** What you are asked to do **
The whole listing should be written out again exactly.

** Supplied data **
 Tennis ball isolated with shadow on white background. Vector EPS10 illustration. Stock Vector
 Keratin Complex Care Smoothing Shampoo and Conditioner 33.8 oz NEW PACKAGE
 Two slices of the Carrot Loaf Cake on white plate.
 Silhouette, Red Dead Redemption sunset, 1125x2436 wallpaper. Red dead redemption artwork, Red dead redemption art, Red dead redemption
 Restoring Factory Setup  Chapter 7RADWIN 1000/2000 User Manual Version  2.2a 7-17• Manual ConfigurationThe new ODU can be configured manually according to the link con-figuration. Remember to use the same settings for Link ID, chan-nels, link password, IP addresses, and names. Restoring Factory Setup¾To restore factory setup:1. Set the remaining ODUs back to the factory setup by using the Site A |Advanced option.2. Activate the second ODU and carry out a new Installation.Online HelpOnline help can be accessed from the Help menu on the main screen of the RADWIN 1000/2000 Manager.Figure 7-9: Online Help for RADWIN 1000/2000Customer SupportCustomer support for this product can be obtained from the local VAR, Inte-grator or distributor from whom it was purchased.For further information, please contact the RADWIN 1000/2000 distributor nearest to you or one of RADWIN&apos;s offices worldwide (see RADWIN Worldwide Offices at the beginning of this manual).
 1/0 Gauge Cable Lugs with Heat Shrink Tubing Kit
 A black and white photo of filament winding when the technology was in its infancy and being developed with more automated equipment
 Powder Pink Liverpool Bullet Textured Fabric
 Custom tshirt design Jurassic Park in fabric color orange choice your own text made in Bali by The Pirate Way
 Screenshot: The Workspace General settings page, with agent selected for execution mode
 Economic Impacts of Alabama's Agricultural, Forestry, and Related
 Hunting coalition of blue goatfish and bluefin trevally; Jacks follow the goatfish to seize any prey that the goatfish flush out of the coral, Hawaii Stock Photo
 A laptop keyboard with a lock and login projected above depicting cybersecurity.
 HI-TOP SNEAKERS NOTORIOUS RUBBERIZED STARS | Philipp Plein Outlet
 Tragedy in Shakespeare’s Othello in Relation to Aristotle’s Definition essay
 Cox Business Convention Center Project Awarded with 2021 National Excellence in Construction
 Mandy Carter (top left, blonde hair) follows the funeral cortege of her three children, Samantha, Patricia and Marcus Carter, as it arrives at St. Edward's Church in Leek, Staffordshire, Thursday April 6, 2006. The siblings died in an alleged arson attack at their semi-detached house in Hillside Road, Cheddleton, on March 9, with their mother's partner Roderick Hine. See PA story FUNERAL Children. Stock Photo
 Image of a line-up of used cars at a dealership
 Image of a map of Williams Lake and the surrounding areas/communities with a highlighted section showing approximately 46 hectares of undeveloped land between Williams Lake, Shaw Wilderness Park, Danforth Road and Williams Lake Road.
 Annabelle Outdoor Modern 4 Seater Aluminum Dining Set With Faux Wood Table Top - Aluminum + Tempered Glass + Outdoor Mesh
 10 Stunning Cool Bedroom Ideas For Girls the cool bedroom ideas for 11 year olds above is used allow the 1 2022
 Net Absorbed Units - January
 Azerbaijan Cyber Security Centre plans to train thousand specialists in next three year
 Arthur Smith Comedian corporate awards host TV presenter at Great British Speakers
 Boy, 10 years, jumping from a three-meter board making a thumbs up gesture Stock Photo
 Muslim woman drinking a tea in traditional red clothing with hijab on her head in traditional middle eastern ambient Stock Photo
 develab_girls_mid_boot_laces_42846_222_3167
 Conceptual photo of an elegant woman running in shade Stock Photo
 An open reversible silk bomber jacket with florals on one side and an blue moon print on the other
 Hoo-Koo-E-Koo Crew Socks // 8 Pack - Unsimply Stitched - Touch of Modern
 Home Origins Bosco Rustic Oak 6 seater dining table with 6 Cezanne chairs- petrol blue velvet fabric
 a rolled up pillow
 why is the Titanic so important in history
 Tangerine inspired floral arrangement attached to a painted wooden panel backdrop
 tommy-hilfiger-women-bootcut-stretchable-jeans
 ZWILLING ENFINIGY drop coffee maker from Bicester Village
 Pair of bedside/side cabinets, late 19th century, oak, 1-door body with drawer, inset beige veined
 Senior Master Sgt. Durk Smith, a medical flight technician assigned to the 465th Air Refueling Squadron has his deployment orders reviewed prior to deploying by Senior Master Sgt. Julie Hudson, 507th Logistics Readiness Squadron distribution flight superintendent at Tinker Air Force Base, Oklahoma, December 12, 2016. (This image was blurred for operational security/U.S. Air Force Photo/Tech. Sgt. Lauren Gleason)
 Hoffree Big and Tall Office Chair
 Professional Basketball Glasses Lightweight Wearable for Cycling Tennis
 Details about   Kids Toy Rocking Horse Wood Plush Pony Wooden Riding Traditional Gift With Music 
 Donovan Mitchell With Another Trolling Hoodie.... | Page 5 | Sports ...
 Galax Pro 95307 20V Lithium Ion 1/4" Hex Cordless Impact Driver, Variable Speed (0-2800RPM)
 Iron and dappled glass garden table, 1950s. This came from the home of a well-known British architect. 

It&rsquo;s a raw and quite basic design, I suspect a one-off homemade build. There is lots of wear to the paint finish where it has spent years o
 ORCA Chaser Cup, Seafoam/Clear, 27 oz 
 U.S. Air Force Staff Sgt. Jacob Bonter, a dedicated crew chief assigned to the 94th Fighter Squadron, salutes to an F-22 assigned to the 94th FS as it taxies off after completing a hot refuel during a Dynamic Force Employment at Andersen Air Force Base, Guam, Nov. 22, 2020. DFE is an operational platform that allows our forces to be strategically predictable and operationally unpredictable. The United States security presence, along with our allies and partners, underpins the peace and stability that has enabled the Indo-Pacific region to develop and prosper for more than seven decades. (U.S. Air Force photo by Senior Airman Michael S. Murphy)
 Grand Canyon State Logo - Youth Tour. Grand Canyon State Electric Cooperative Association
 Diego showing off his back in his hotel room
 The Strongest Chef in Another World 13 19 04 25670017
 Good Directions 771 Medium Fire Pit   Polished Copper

** Answer space **
 Tennis ball isolated with shadow on white background. Vector EPS10 illustration. Stock Vector
 Keratin Complex Care Smoothing Shampoo and Conditioner 33.8 oz NEW PACKAGE
 Two slices of the Carrot Loaf Cake on white plate.
 Silhouette, Red Dead Redemption sunset, 1125x2436 wallpaper. Red dead redemption artwork, Red dead redemption art, Red dead redemption
 Restoring Factory Setup  Chapter 7RADWIN 1000/2000 User Manual Version  2.2a 7-17• Manual ConfigurationThe new ODU can be configured manually according to the link con-figuration. Remember to use the same settings for Link ID, chan-nels, link password, IP addresses, and names. Restoring Factory Setup¾To restore factory setup:1. Set the remaining ODUs back to the factory setup by using the Site A |Advanced option.2. Activate the second ODU and carry out a new Installation.Online HelpOnline help can be accessed from the Help menu on the main screen of the RADWIN 1000/2000 Manager.Figure 7-9: Online Help for RADWIN 1000/2000Customer SupportCustomer support for this product can be obtained from the local VAR, Inte-grator or distributor from whom it was purchased.For further information, please contact the RADWIN 1000/2000 distributor nearest to you or one of RADWIN&apos;s offices worldwide (see RADWIN Worldwide Offices at the beginning of this manual).
 1/0 Gauge Cable Lugs with Heat Shrink Tubing Kit
 A black and white photo of filament winding when the technology was in its infancy and being developed with more automated equipment
 Powder Pink Liverpool Bullet Textured Fabric
 Custom tshirt design Jurassic Park in fabric color orange choice your own text made in Bali by The Pirate Way
 Screenshot: The Workspace General settings page, with agent selected for execution mode
 Economic Impacts of Alabama's Agricultural, Forestry, and Related
 Hunting coalition of blue goatfish and bluefin trevally; Jacks follow the goatfish to seize any prey that the goatfish flush out of the coral, Hawaii Stock Photo
 A laptop keyboard with a lock and login projected above depicting cybersecurity.
 HI-TOP SNEAKERS NOTORIOUS RUBBERIZED STARS | Philipp Plein Outlet
 Tragedy in Shakespeare’s Othello in Relation to Aristotle’s Definition essay
 Cox Business Convention Center Project Awarded with 2021 National Excellence in Construction
 Mandy Carter (top left, blonde hair) follows the funeral cortege of her three children, Samantha, Patricia and Marcus Carter, as it arrives at St. Edward's Church in Leek, Staffordshire, Thursday April 6, 2006. The siblings died in an alleged arson attack at their semi-detached house in Hillside Road, Cheddleton, on March 9, with their mother's partner Roderick Hine. See PA story FUNERAL Children. Stock Photo
 Image of a line-up of used cars at a dealership
 Image of a map of Williams Lake and the surrounding areas/communities with a highlighted section showing approximately 46 hectares of undeveloped land between Williams Lake, Shaw Wilderness Park, Danforth Road and Williams Lake Road.
 Annabelle Outdoor Modern 4 Seater Aluminum Dining Set With Faux Wood Table Top - Aluminum + Tempered Glass + Outdoor Mesh
 10 Stunning Cool Bedroom Ideas For Girls the cool bedroom ideas for 11 year olds above is used allow the 1 2022
 Net Absorbed Units - January
 Azerbaijan Cyber Security Centre plans to train thousand specialists in next three year
 Arthur Smith Comedian corporate awards host TV presenter at Great British Speakers
 Boy, 10 years, jumping from a three-meter board making a thumbs up gesture Stock Photo
 Muslim woman drinking a tea in traditional red clothing with hijab on her head in traditional middle eastern ambient Stock Photo
 develab_girls_mid_boot_laces_42846_222_3167
 Conceptual photo of an elegant woman running in shade Stock Photo
 An open reversible silk bomber jacket with florals on one side and an blue moon print on the other
 Hoo-Koo-E-Koo Crew Socks // 8 Pack - Unsimply Stitched - Touch of Modern
 Home Origins Bosco Rustic Oak 6 seater dining table with 6 Cezanne chairs- petrol blue velvet fabric
 a rolled up pillow
 why is the Titanic so important in history
 Tangerine inspired floral arrangement attached to a painted wooden panel backdrop
 tommy-hilfiger-women-bootcut-stretchable-jeans
 ZWILLING ENFINIGY drop coffee maker from Bicester Village
 Pair of bedside/side cabinets, late 19th century, oak, 1-door body with drawer, inset beige veined
 Senior Master Sgt. Durk Smith, a medical flight technician assigned to the 465th Air Refueling Squadron has his deployment orders reviewed prior to deploying by Senior Master Sgt. Julie Hudson, 507th Logistics Readiness Squadron distribution flight superintendent at Tinker Air Force Base, Oklahoma, December 12, 2016. (This image was blurred for operational security/U.S. Air Force Photo/Tech. Sgt. Lauren Gleason)
 Hoffree Big and Tall Office Chair
 Professional Basketball Glasses Lightweight Wearable for Cycling Tennis
 Details about   Kids Toy Rocking Horse Wood Plush Pony Wooden Riding Traditional Gift With Music 
 Donovan Mitchell With Another Trolling Hoodie.... | Page 5 | Sports ...
 Galax Pro 95307 20V Lithium Ion 1/4" Hex Cordless Impact Driver, Variable Speed (0-2800RPM)
 Iron and dappled glass garden table, 1950s. This came from the home of a well-known British architect. 

It&rsquo;s a raw and quite basic design, I suspect a one-off homemade build. There is lots of wear to the paint finish where it has spent years o
 ORCA Chaser Cup, Seafoam/Clear, 27 oz 
 U.S. Air Force Staff Sgt. Jacob Bonter, a dedicated crew chief assigned to the 94th Fighter Squadron, salutes to an F-22 assigned to the 94th FS as it taxies off after completing a hot refuel during a Dynamic Force Employment at Andersen Air Force Base, Guam, Nov. 22, 2020. DFE is an operational platform that allows our forces to be strategically predictable and operationally unpredictable. The United States security presence, along with our allies and partners, underpins the peace and stability that has enabled the Indo-Pacific region to develop and prosper for more than seven decades. (U.S. Air Force photo by Senior Airman Michael S. Murphy)
 Grand Canyon State Logo - Youth Tour. Grand Canyon State Electric Cooperative Association
 Diego showing off his back in his hotel room
 The Strongest Chef in Another World 13 19 04 25670017
 Good Directions 771 Medium Fire Pit   Polished Copper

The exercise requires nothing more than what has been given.